POST http://localhost:11434/v1/chat/completions   # Chat (GPT-3.5/4 compatible)
POST http://localhost:11434/v1/completions        # Text completion
POST http://localhost:11434/v1/embeddings         # Embeddings
GET  http://localhost:11434/v1/models             # List available models

Ollama must be running (ollama serve or the Ollama app) and you need at least one model pulled before making requests. No API key is required — you can pass any string or leave it blank.

Using the OpenAI Python SDK

The OpenAI Python SDK works with Ollama out of the box.
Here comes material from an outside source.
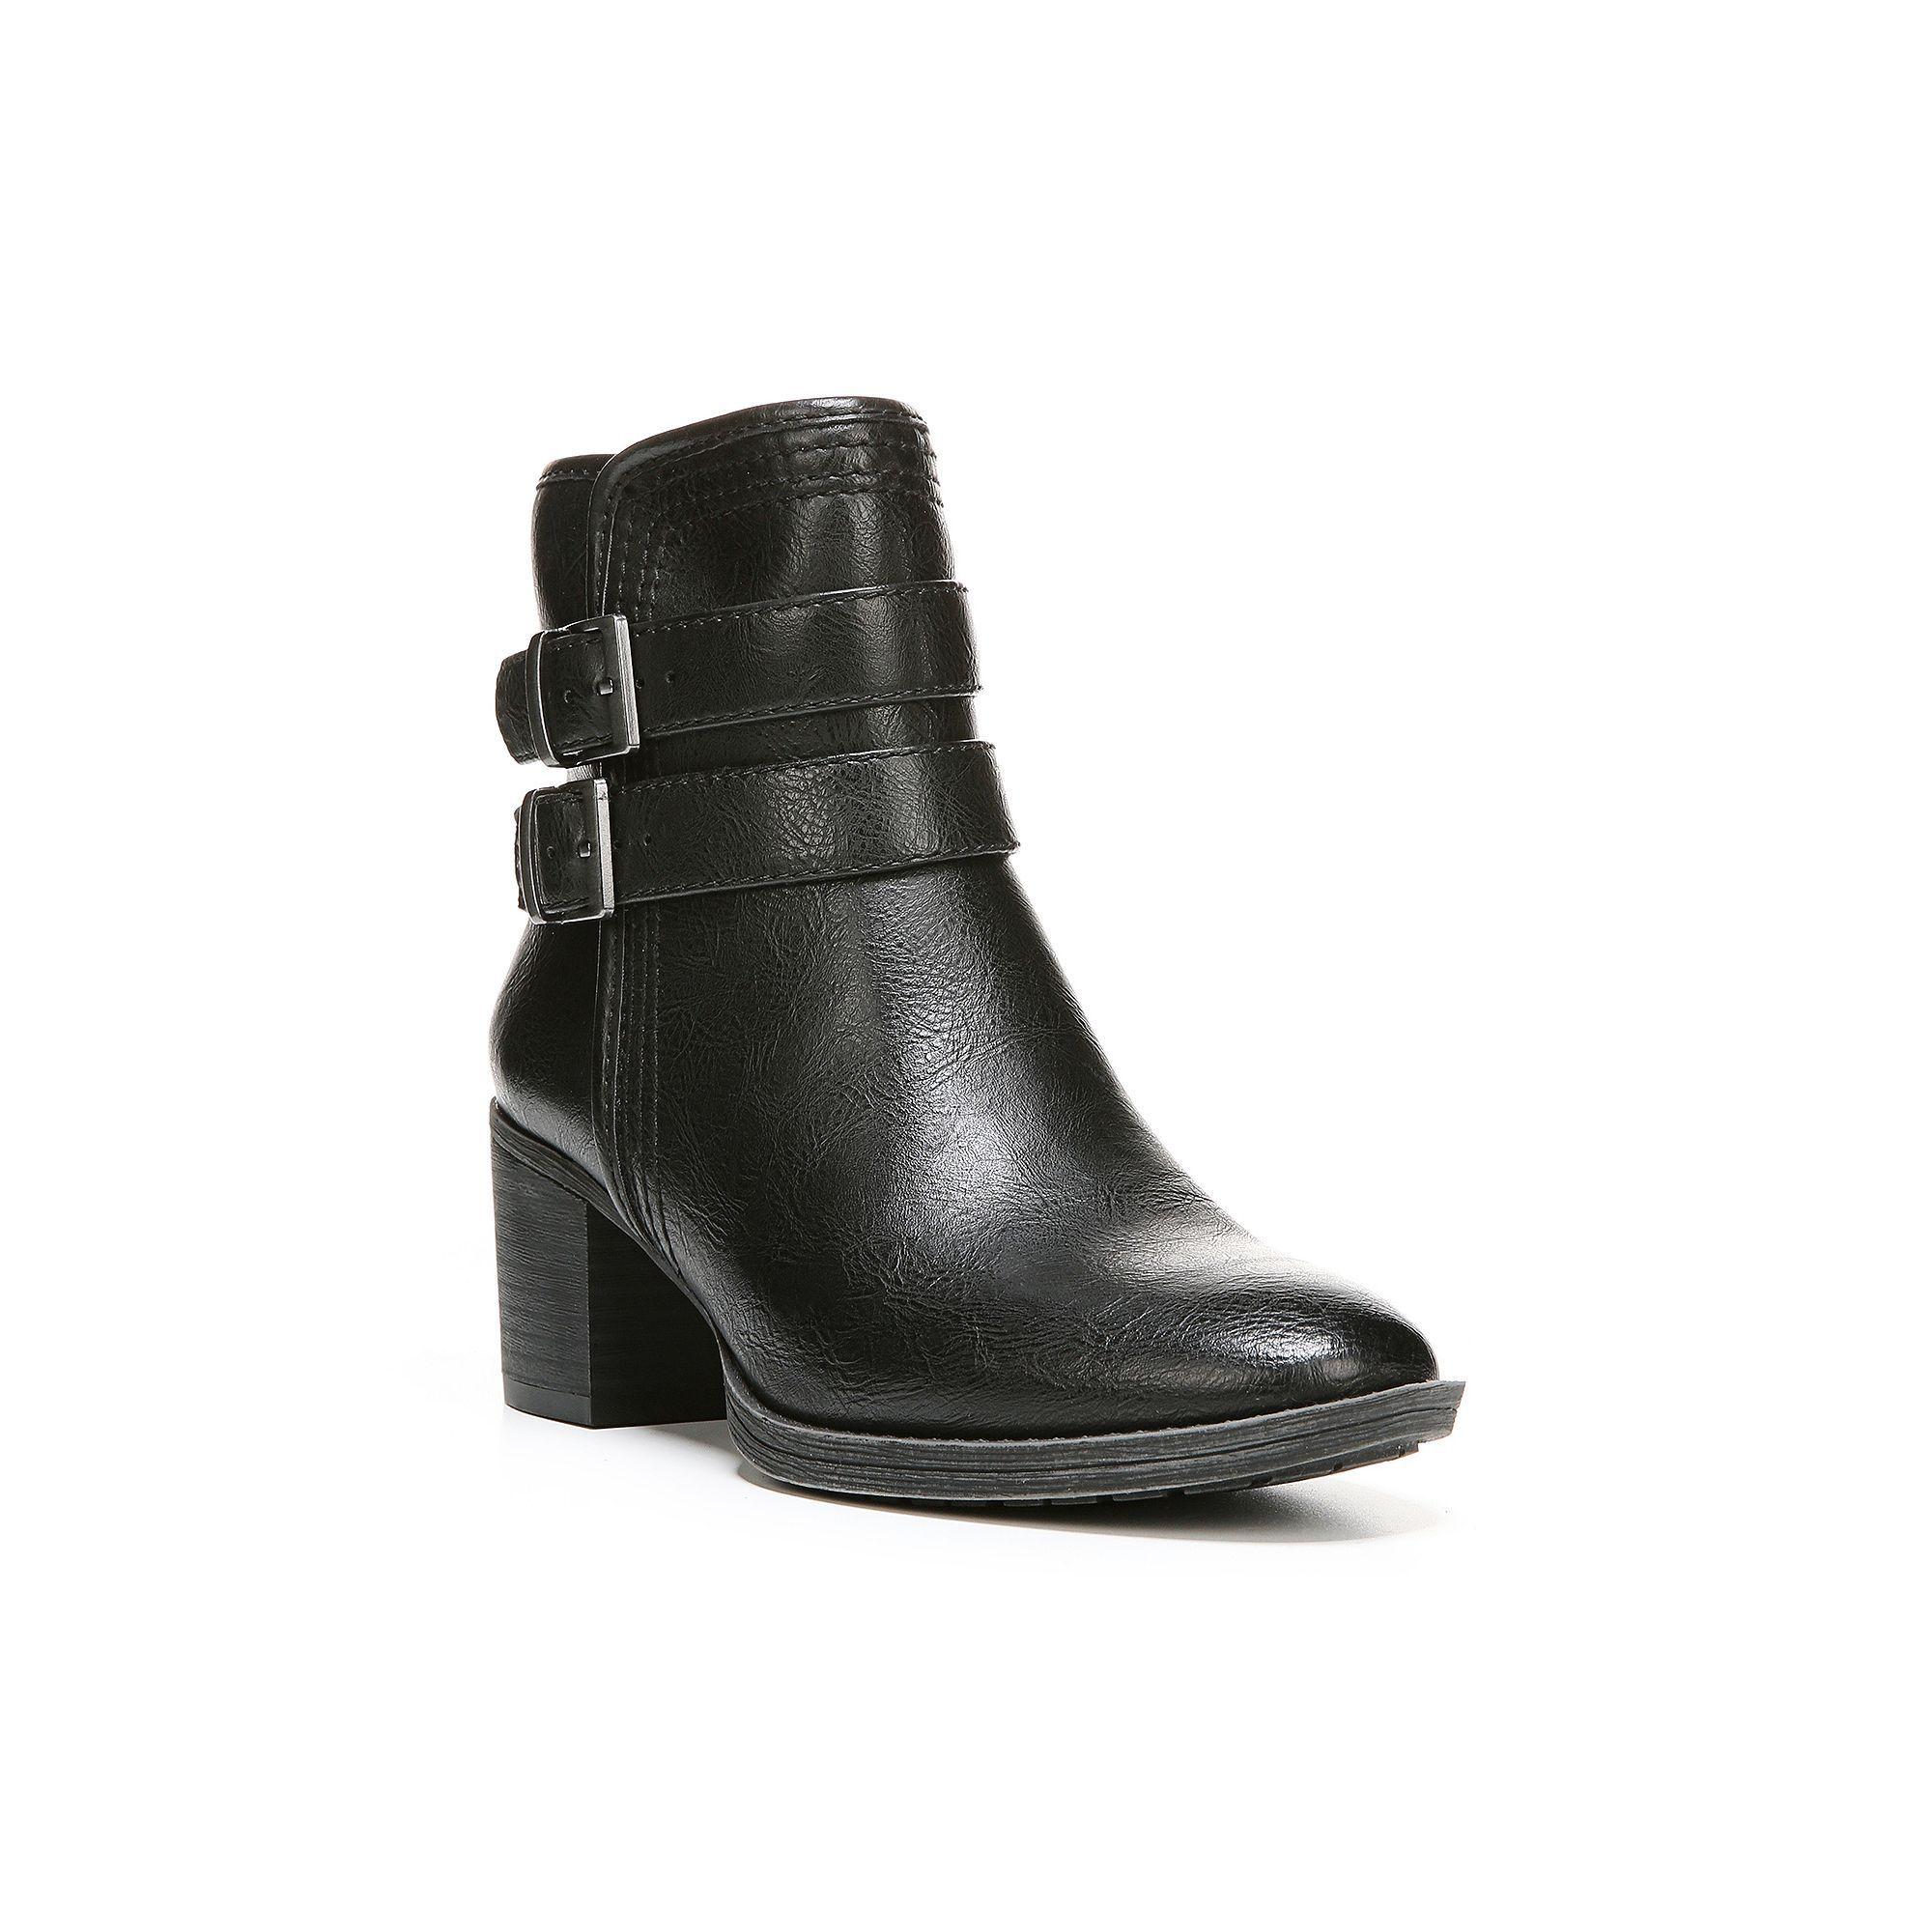 NaturalSoul by naturalizer Zarna Women's Ankle Boots, Size: medium (9.5),  Black

Set base_url to Ollama’s endpoint and api_key to any non-empty string:

from openai import OpenAI

# Point the OpenAI SDK at your local Ollama instance
client = OpenAI(
    base_url='http://localhost:11434/v1',
    api_key='ollama',  # required but ignored by Ollama
)

# Chat completion — identical to OpenAI API usage
response = client.chat.completions.create(
    model='llama3.2',
    messages=[
        {'role': 'system', 'content': 'You are a helpful assistant.'},
        {'role': 'user', 'content': 'Explain gradient descent in 2 sentences.'}
    ],
    temperature=0.7,
)
print(response.choices[0].message.content)

# Streaming
stream = client.chat.completions.create(
    model='llama3.2',
    messages=[{'role': 'user', 'content': 'Write a haiku about Python.'}],
    stream=True,
)
for chunk in stream:
    if chunk.choices[0].delta.content:
        print(chunk.choices[0].delta.content, end='', flush=True)

Embeddings

from openai import OpenAI
import numpy as np

client = OpenAI(base_url='http://localhost:11434/v1', api_key='ollama')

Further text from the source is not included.